Jon DeLena, the DEA’s public affairs chief, said at the summit Wednesday that his agency faces a threat on a scale never seen before. Since drugs are based on chemicals rather than plants, it is easier for cartels to mass-produce. The DEA has led efforts to follow the money trail to reduce fentanyl production efforts. HSI, meanwhile, is now focusing its efforts on cryptocurrency, as Heck noted, “the days of seeing hundreds and hundreds of thousands of dollars in a bag, as a commodity, are moving away. slowly”.

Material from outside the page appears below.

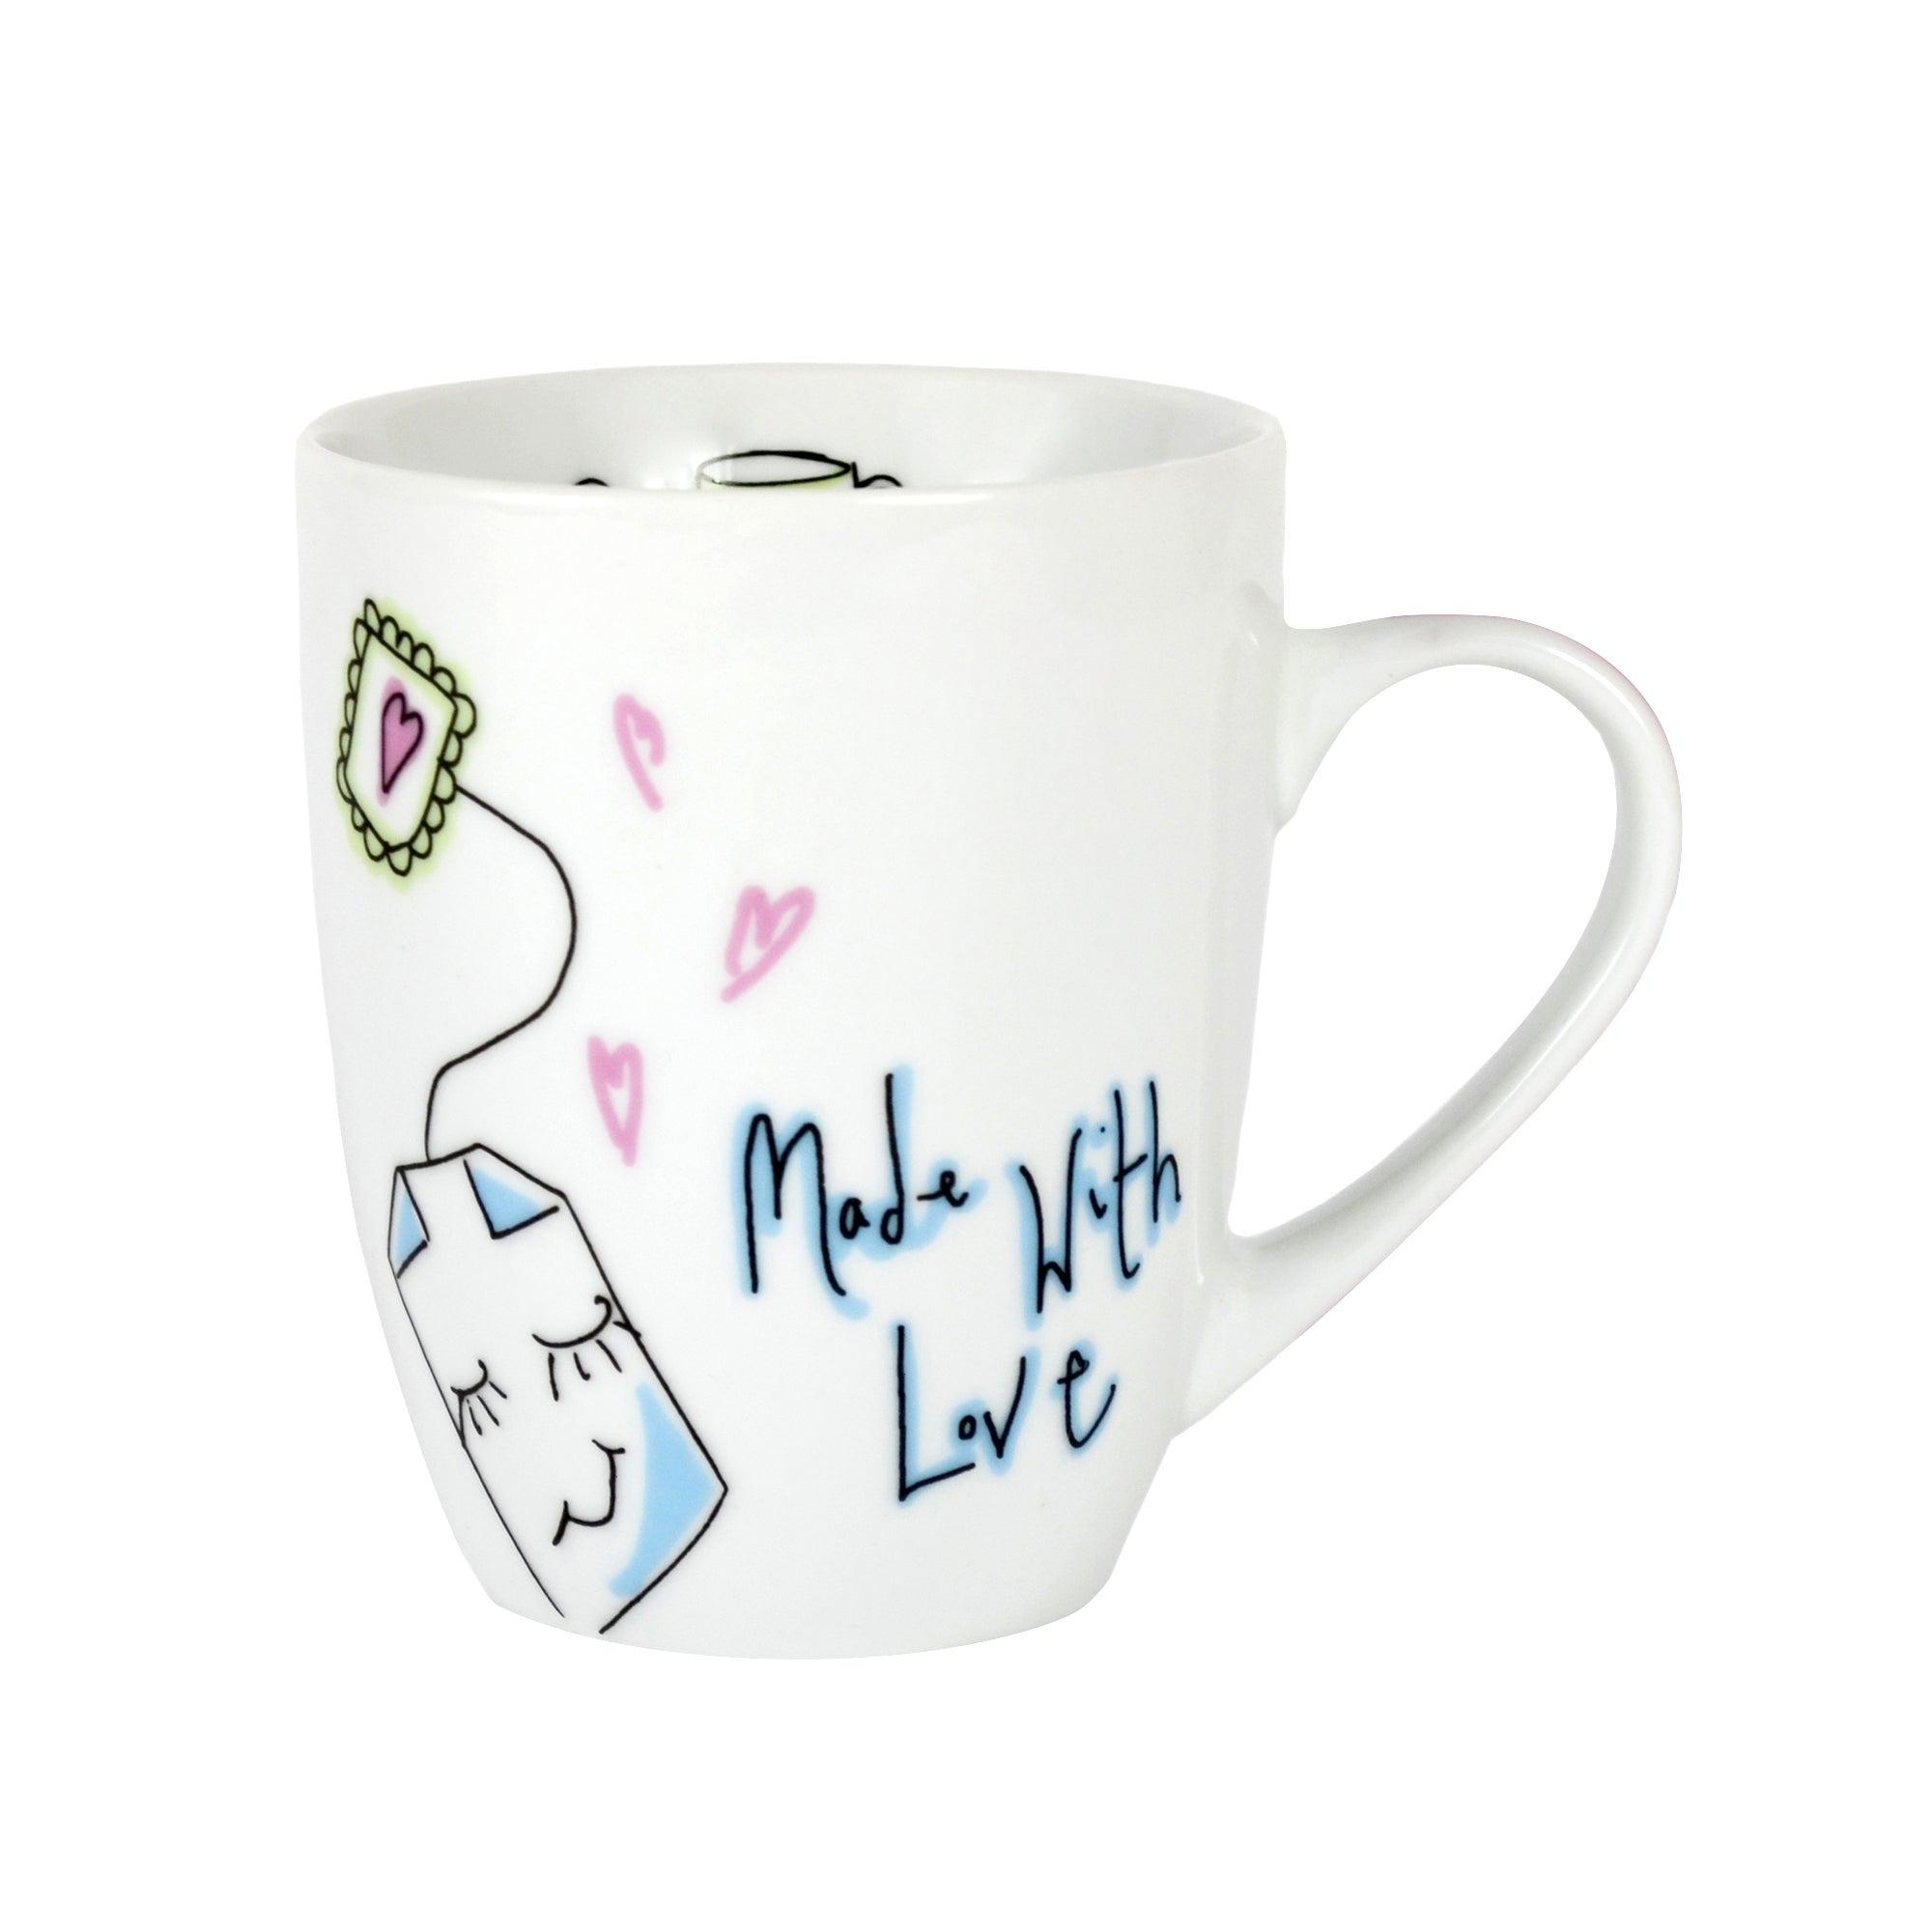 Made with Love Mug

Derrick Brent, deputy director of the U.S. Patent and Trademark Office, said his agency is working with CBP, DEA, international partners and others to raise awareness of the dangers of counterfeit pharmaceuticals – which can sometimes contain dangerous synthetic opioids – and to reduce the demand for them. The USPTO works directly with its Mexican counterparts to help Mexican authorities identify counterfeit products.

Heck noted that his agency takes “enormous precautions” to protect federal employees from potential exposure to fentanyl, as even a small amount can be fatal. All federals potentially working near the drug, such as CBP officers at postal facilities, are issued personal protective equipment. CBP is legally required to make available to all officers at risk of fentanyl exposure naloxone or narcan, a drug used to treat opioid overdoses. A 2019 inspector general report, however, found that the agency did not always make it available and did not have a policy requiring it.

In July, the House unanimously approved a bill (HR 5274) requiring CBP to issue “containment devices” to its frontline personnel and train workers in their proper use. The devices create a controlled negative pressure environment to store substances, which creates a safer environment for personnel while allowing for better preservation for investigative purposes. The Senate has yet to vote on the measure.

In his fiscal year 2023 budget, President Biden requested $42.5 billion for research, prevention, treatment and recovery support services, which would mark a 7.5% increase. Last month, the White House announced $1.5 billion in grants from the Department of Health and Human Services to support state and local efforts to address the opioid crisis.

Clarification: This story has been updated to clearly state that HSI is the agency focused on cryptocurrency investigations.